Explained: How 4G spectrum will help Indian Railways and millions of passengers

Explained: How 4G spectrum will help Indian Railways and millions of passengers

On June 9, the Union Cabinet approved the allotment of 5 MHz in the 700 MHz band to the Indian Railways. This is considered to be a game changer for the railways.

The allocation of the new spectrum opens up the 4G network for the national transporter. It would help in overhauling its signalling system.

Here is a look at what all changes it will bring about and how technology has evolved in the Indian Railways.

How will 4G spectrum help ordinary passengers?

Safety, first and foremost. It will help the Indian Railways shift to the Automatic Train Protection (ATP) system.

The advantages of ATP systems are many. It helps technological intervention in preventing accidents due to collision, jumping of signals (SPAD, or signal passing at danger, in railway parlance) and over-speeding, to name only a few.

How can the ATP system prevent rail accidents?

The ATP system will monitor the speed of trains and activate emergency brakes through a satellite-based control system based on signals. This system also has anti-collision technology that relies on GPS data from satellites for position updates. To upgrade to this technology, the Railways need higher frequency spectrum.
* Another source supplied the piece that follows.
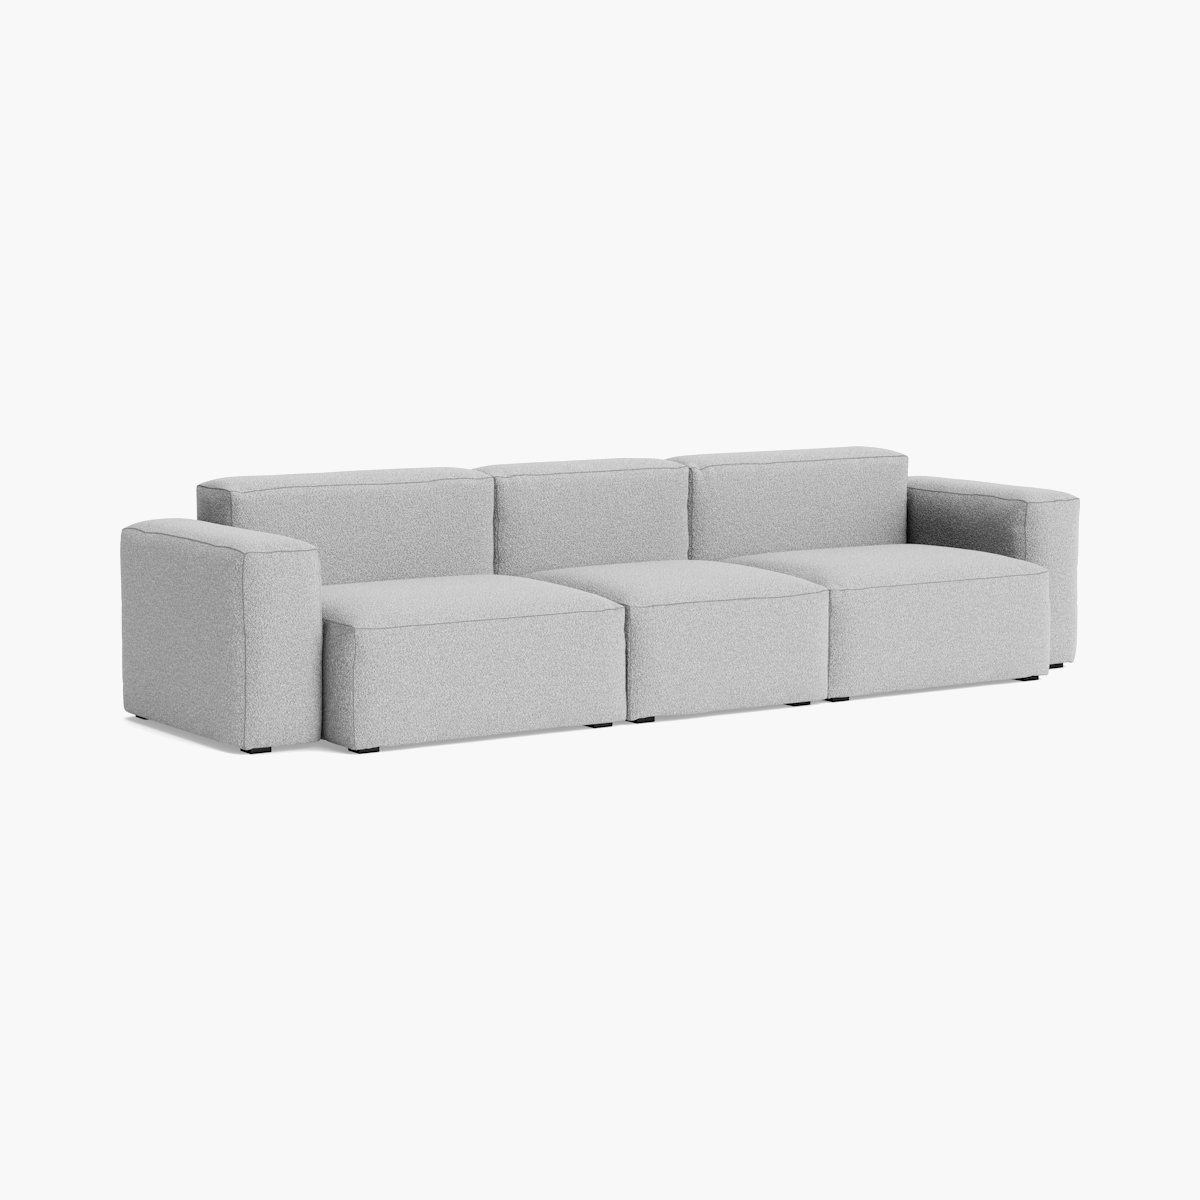 Mags Soft Low 3-Seat Sofa
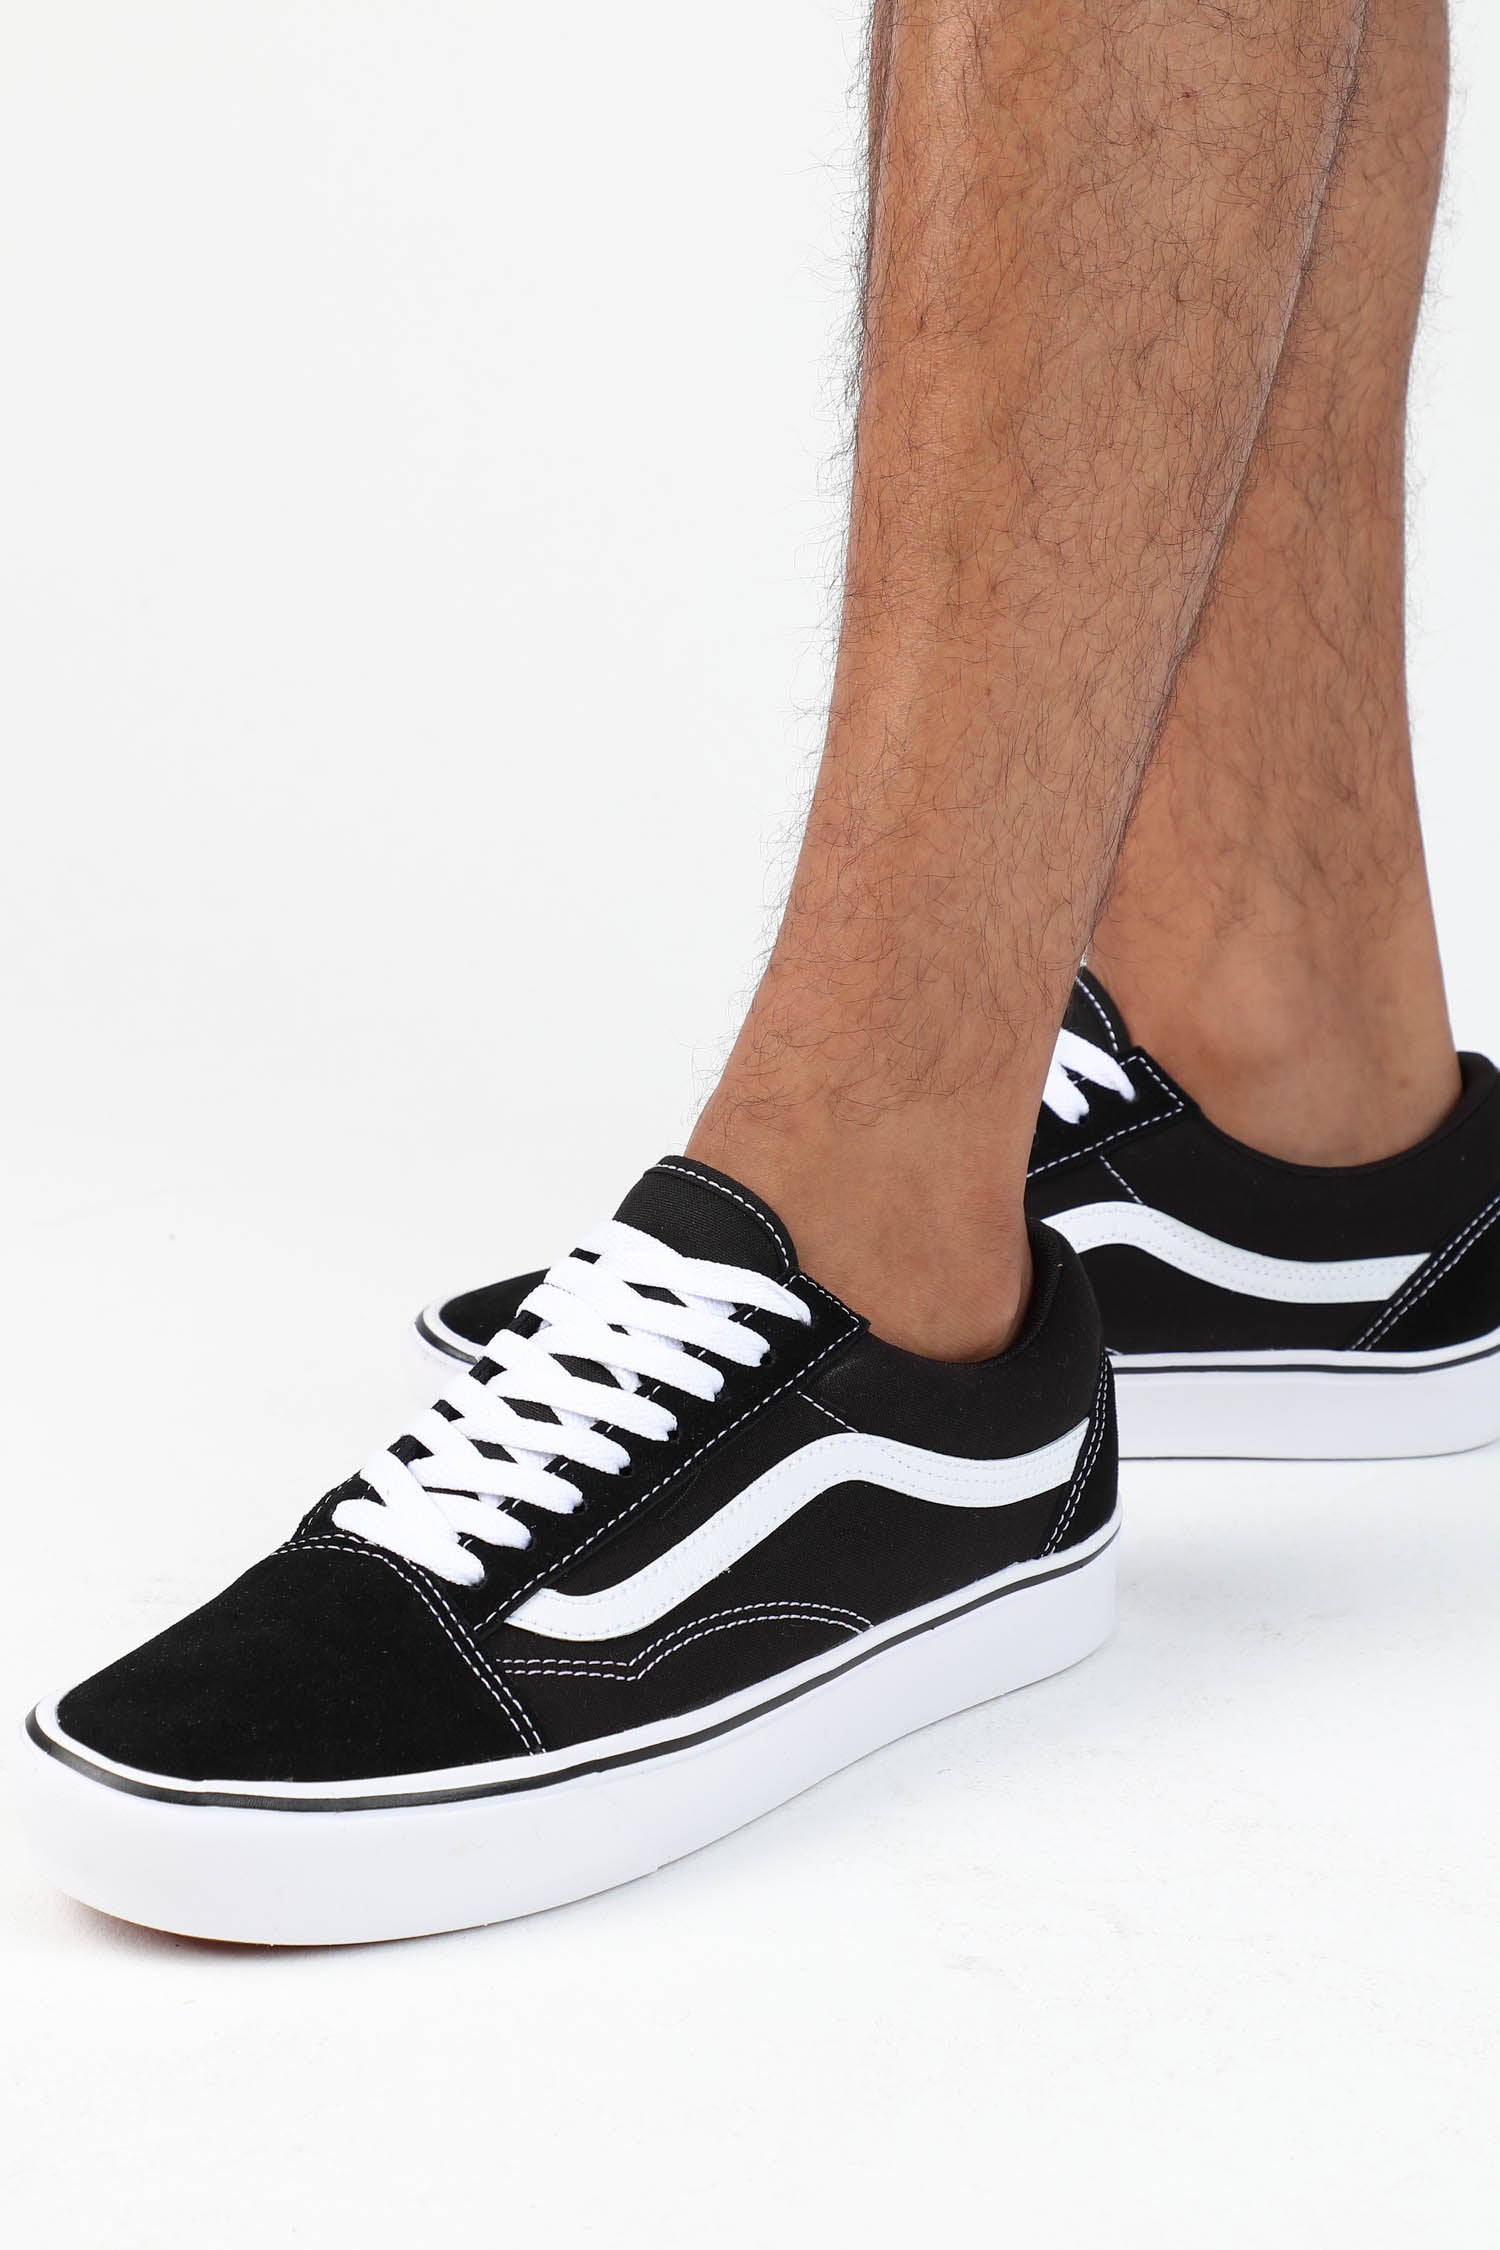 difference between vans old skool and comfycush

What about WiFi connectivity?

The 4G spectrum will be used for implementing voice, internet of things-based asset monitoring services, passenger information display system and live feed of video surveillance of a few coaches at a time.

The new spectrum will also help in increasing the line capacity to accommodate more trains using the existing infrastructure. The introduction of new technologies will also reduce freight transportation cost. The railways has already introduced the WiFi system in more than 6,000 railway stations. The new spectrum is expected to give a push to these plans, along with the plans to provide onboard WiFi.

What is GSM-Railways?

The world started experimenting with the GSM-based railway standard, GSMR (GSM for Railways), in the early 1990s. For commercial adaptation of GSMR, the European Integrated Radio Enhanced Network (EIRENE) project was initiated in 1992 by the International Union of Railways. Till the mid-1990s, India was dependent on manual signalling systems. The Indian Railways is now set to overhaul its 167-year-old signalling system by moving towards the ATP systems.

Has the shift to GSM-R helped?

Even after the implementation of GSM-R, the signalling system was largely based on the red and green signalling codes along the tracks. Now, the national transporter is gearing up for a large-scale launch of two ATP systems — European Train Control System (ETCS) and Train Collision Avoidance System (TCAS).

How did the Indian Railways’ signalling system evolve?

At present, the Railways has 1.6 MHz (paired) spectrum in the 900 MHz band on an administrative basis for captive usage for its GSM-R network. Due to the limited availability of spectrum, only 1.6 MHz (8 spots of 200 KHz) were allocated to the railways.

Since the railways was dependent on manual signalling before that, limitation of frequencies had no major impact on network design. The implementation of GSM-R brought in various railway-specific features and functionalities, including voice-broadcast calls, voice group calls and functional numbering, thereby increasing the safety of the network.

Finally, how are spectrum charges levied?Spectrum charges may be levied on a formula prescribed by the Department of Telecommunications for the payment of royalty and licence fee for captive use, as recommended by the Telecom Regulatory Authority of India.